The transcript repeatedly points to making the model verify its own assumptions: use a pre-prompt that asks it to think like a person running through actions, request detailed step-by-step reasoning, and explicitly ask it to confirm uncertain details before concluding. The model also appears to benefit from prompts that encourage self-evaluation and verification rather than jumping to an answer.

How did o1 preview and o1 mini differ in the bedroom organization and other tasks?

o1 preview produced a more structured, multi-step plan for organizing a cluttered bedroom (laundry first, then bed, surfaces/electronics, floor items, and final inspection). o1 mini often thought for fewer seconds and sometimes returned a worse or incomplete response, suggesting a tradeoff between reasoning depth and responsiveness.

What do the reported benchmarks and community reactions imply about real-world usefulness?

Benchmarks cited in the transcript show o1 improving across math, competitive programming, and physics-oriented evaluations, with stronger results for the full model than for preview.

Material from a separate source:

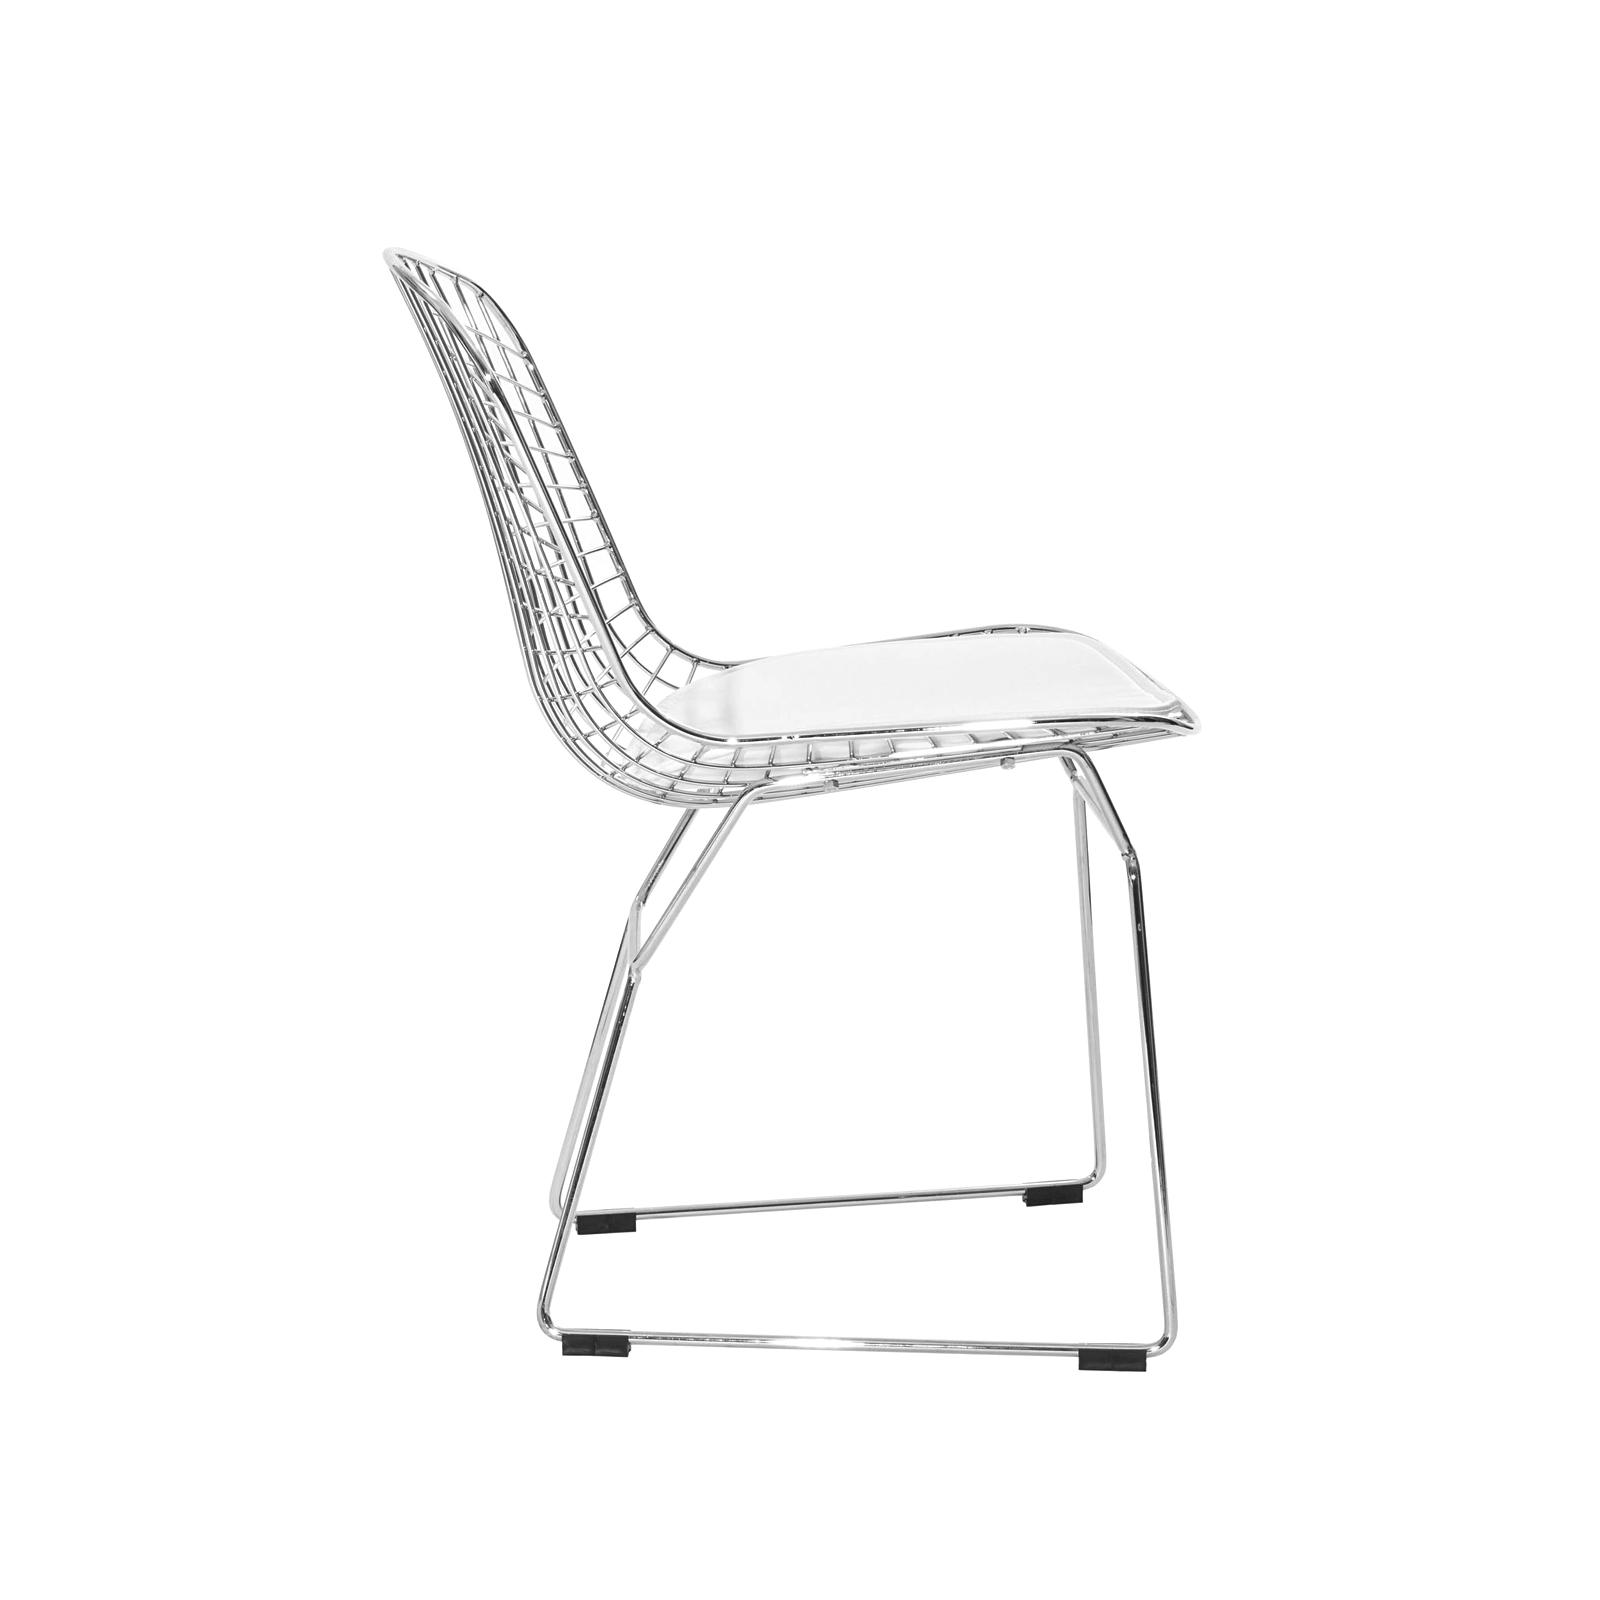 Bertoia side chair white -  C10459 00 Bertoia Side Chair Rental Profile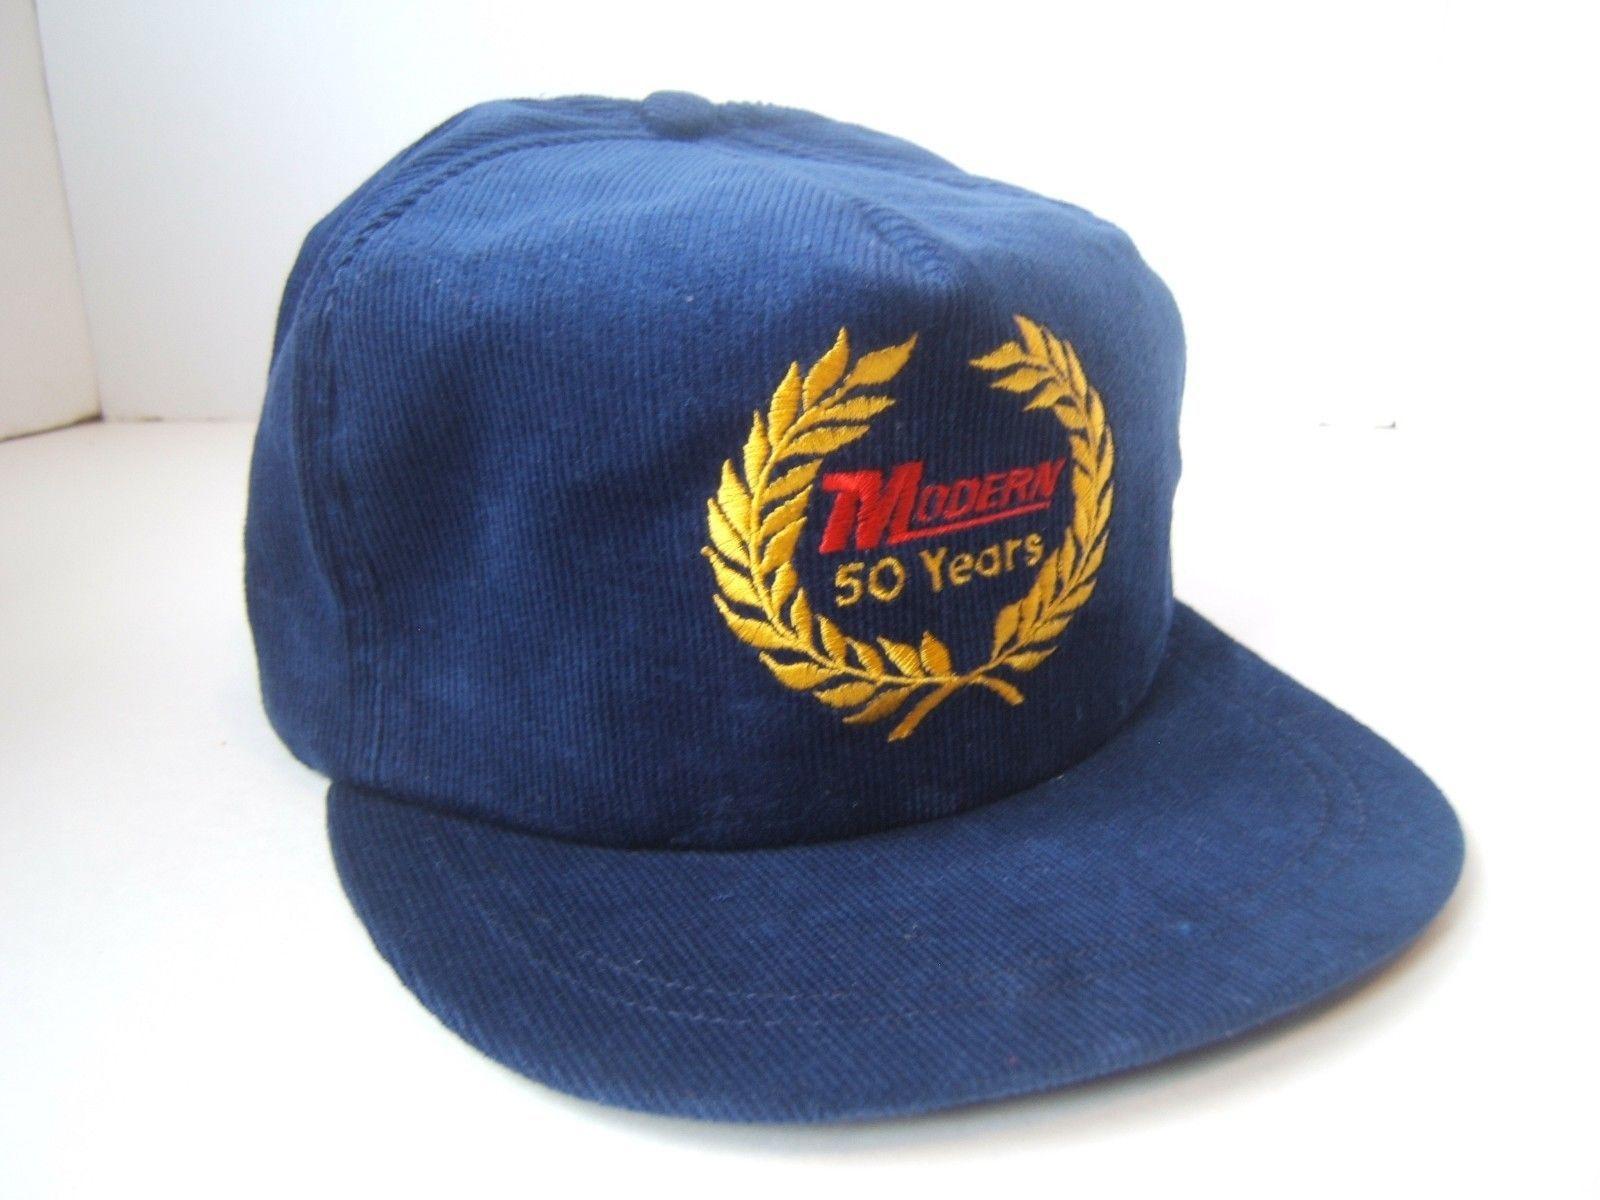 1a0133edb Vintage Modern 50 Years Hat Blue Corduroy and 50 similar items

Community commentary adds a practical caveat: even with strong benchmarks, users may not notice improvements unless they prompt well, and o1 is not expected to be universally superior on every task.

Review Questions

  1. In the microwave-and-inverted-glass scenario, what specific detail had to be clarified for o1 preview to reach the correct conclusion?
  2. How do reinforcement learning training time and inference “thinking time” relate to the performance claims made for o1?
  3. What prompting techniques in the transcript appear to increase the odds of correct reasoning on multi-step problems?

Key Points

  1. 1

    OpenAI’s o1 models (“01 preview” and “01 mini”) are positioned as reasoning-first systems trained with reinforcement learning and longer internal chain-of-thought.

  2. 2

    Hands-on tests suggest o1 can outperform GPT-4o on logic tasks, but it may still fail when physical or procedural details are ambiguous.

  3. 3

    The microwave-and-ice example shows o1 often needs verification prompts that force re-checking where objects end up after each step.

  4. 4

    o1’s performance is reported to improve with more reinforcement learning compute and with more time spent “thinking” during inference.

  5. 5

    Prompting quality matters: being specific, requesting structured reasoning, and asking for verification can materially change outcomes.

  6. 6

    o1 preview tends to produce more complete, structured answers than o1 mini, which may think less and sometimes underperform.

  7. 7

    Community reactions emphasize both excitement about shipped reasoning capability and caution against expecting a universal “miracle” model.

Highlights

o1 preview reached the correct physics outcome only after prompts forced it to confirm whether the ice cubes were actually in the microwave step.
The “prompt heavy” pattern showed up repeatedly: demanding clarification and verification improved results more than simply asking the question once.
OpenAI’s blog-linked framing ties gains to reinforcement learning and to spending more time thinking before answering.
Community sentiment split between “finally shipped” excitement and reminders that better prompting may be required to notice improvements.